Frontalis is on your forehead and when you scowl or crease your forehead up, this beauty contracts and creates the horizontal lines that are common enough to see on any commuter train on a Monday morning! It has a close relationship to the Procerus and the other muscles around there, so they are linked often in the facial pain they create. There are two bellies to the muscle, one each side of the forehead, and they not only help us scowl, but they also bring the eyebrows up in a look of surprise. If you want to use just one, then try bring one eyebrow up as if you are trying to look like Spock! 

The Occipitalis are two muscle bellies at both sides of the back of the scull, being connected with Frontalis through the facial band of the Galea Aponeurotica. If you simply run your hands from the eyebrows, over the head and stop at the bump at the base of your head you are traveling the railroad tracks that create the Occipitofrontalis. 

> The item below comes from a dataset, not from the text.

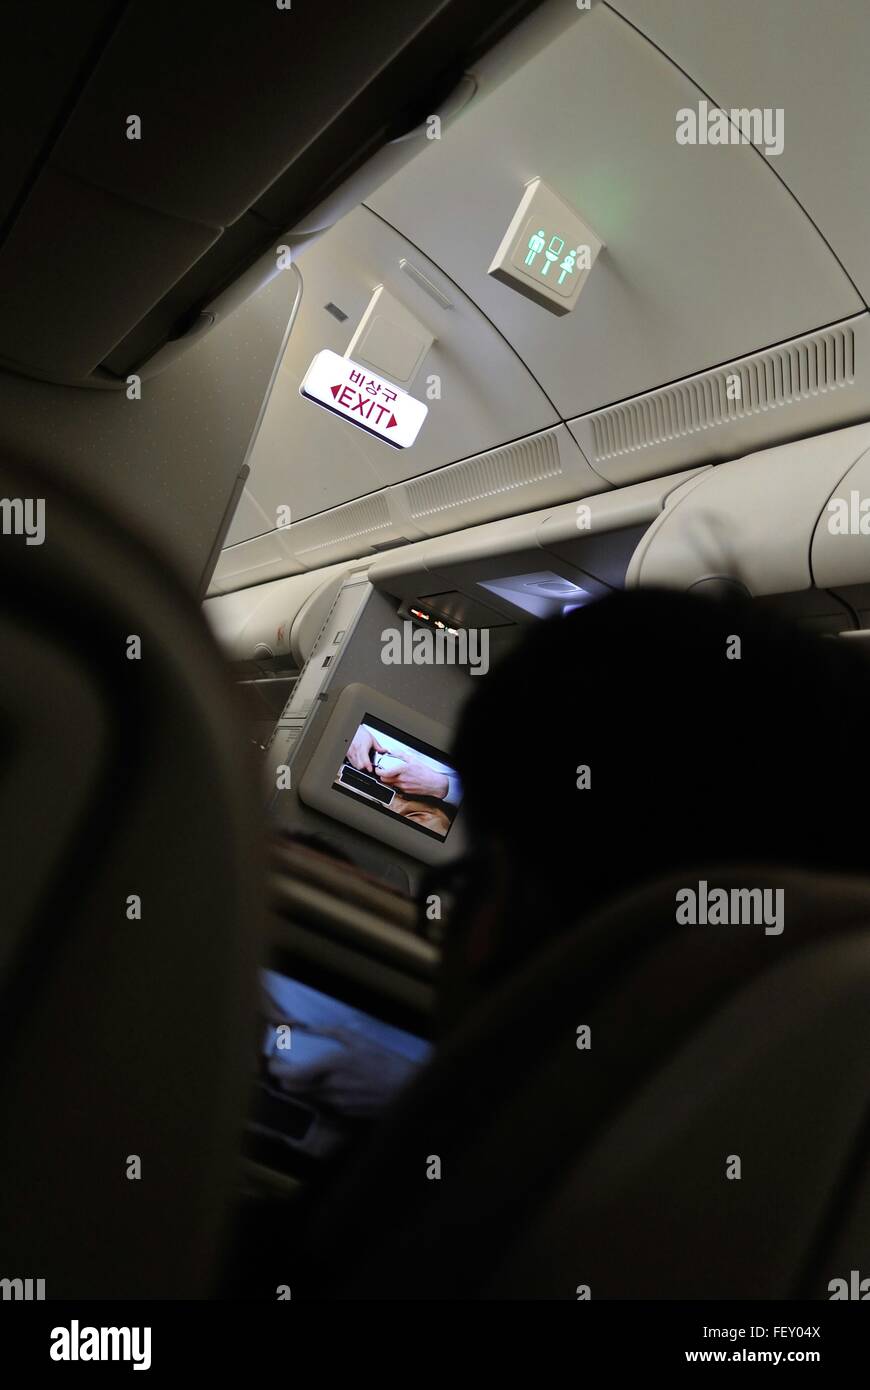 View Of Luxury Vehicle Interior Stock Photo
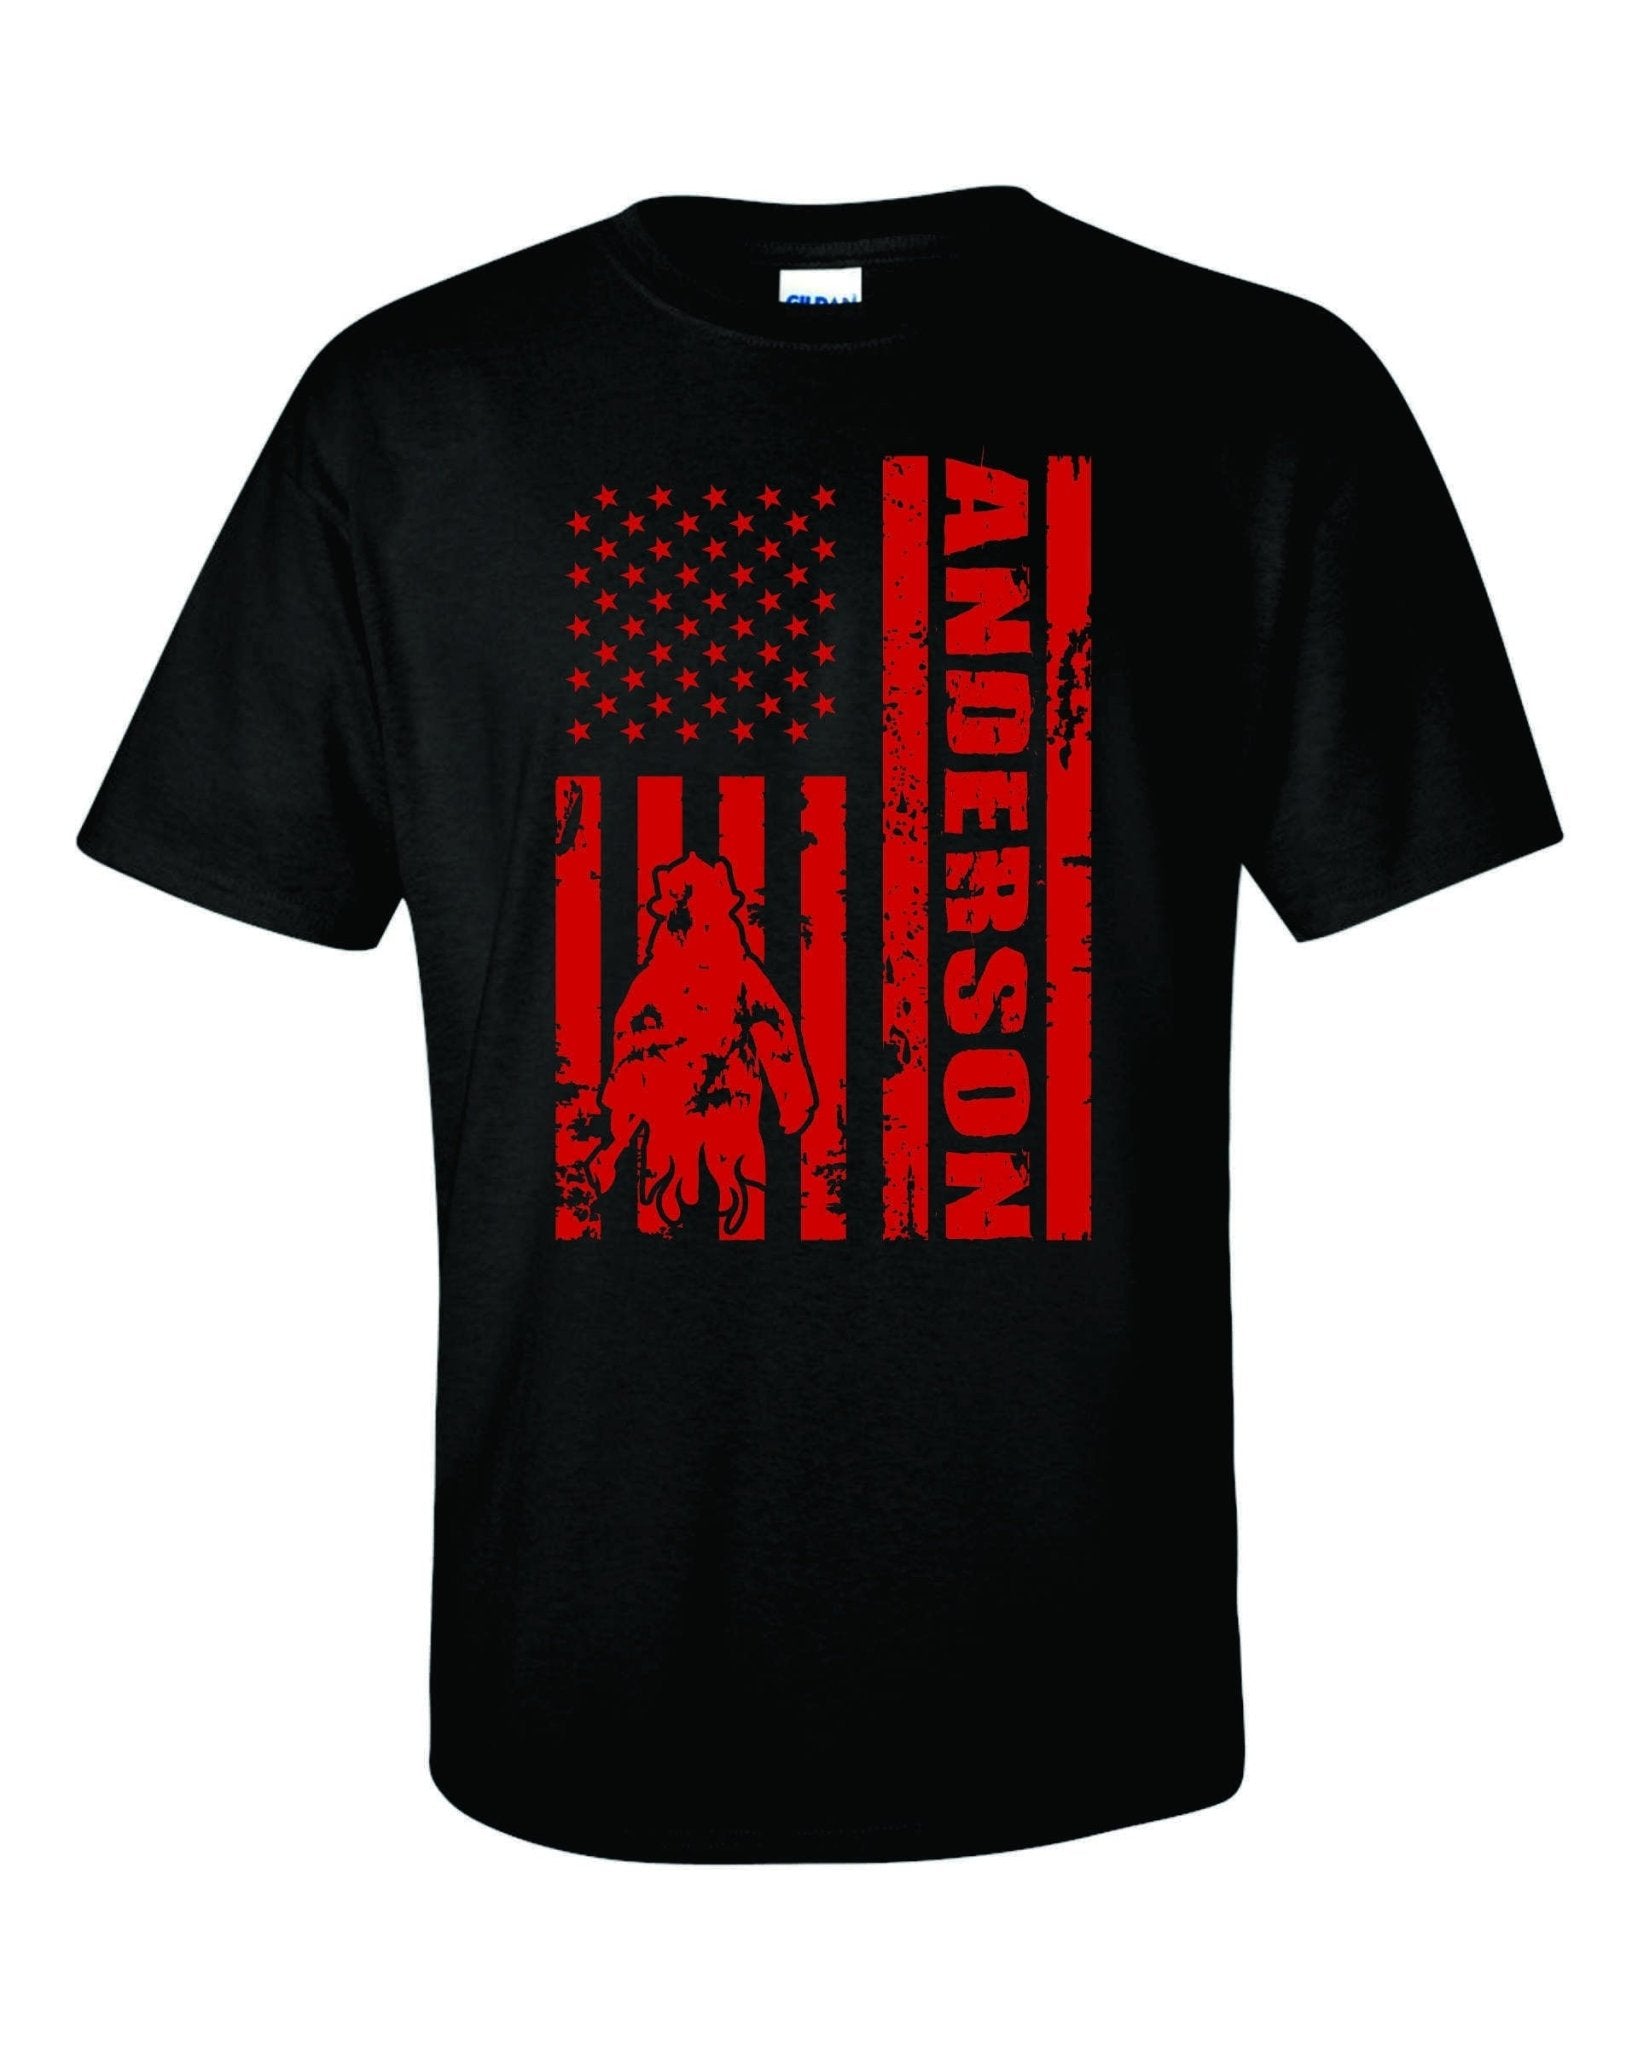 Personalized Hunting and Fishing Shirt - Custom Name American Flag

Personally I find that I have a near permanent crease between my eyebrows and it got really bad last year. I wasn't in pain, I was studying a lot and my concentration levels where quite high. I found that I was creasing up and getting pain in the back of my head (also posture related) and headaches in to my face. One thing that helped to shift it was massage! I did it every evening when I did my night time skin care routine and it did help ease it enough to help me get to sleep. 

This next tip comes form Jacqueline, my Mum, who told me that when she feels her forehead crease this helps to allow the whole face to relax, release and revive: 
  • Lie down so that you are comfortable and allow the whole body to settle. Take a minute or so to stop fidgeting, itching, checking the time etc. Just lie down ... chill out.
  • Now start to breath steadily, but a bit deeper than normal so that you are using your whole lung, rather than panic breathing your life away! 
  • Now think about where your facial pain is. Name it either out load or in your head. 
  • Very gently and slowly start to let the jaw relax and release, let the tension slide away, feel each facial muscle let go of its tension. Tension is not needed and not wanted, so get rid of it! 
  • After a few minutes, maybe around five or ten, allow yourself to think about the pain that you named at the beginning and see if it is less intense. 
  • Here is the gem; allow your muscles to lift your face up slowly into a smile! 
  • Enjoy the feeling of your face and thoughts being up and positive, rather than tense and creased.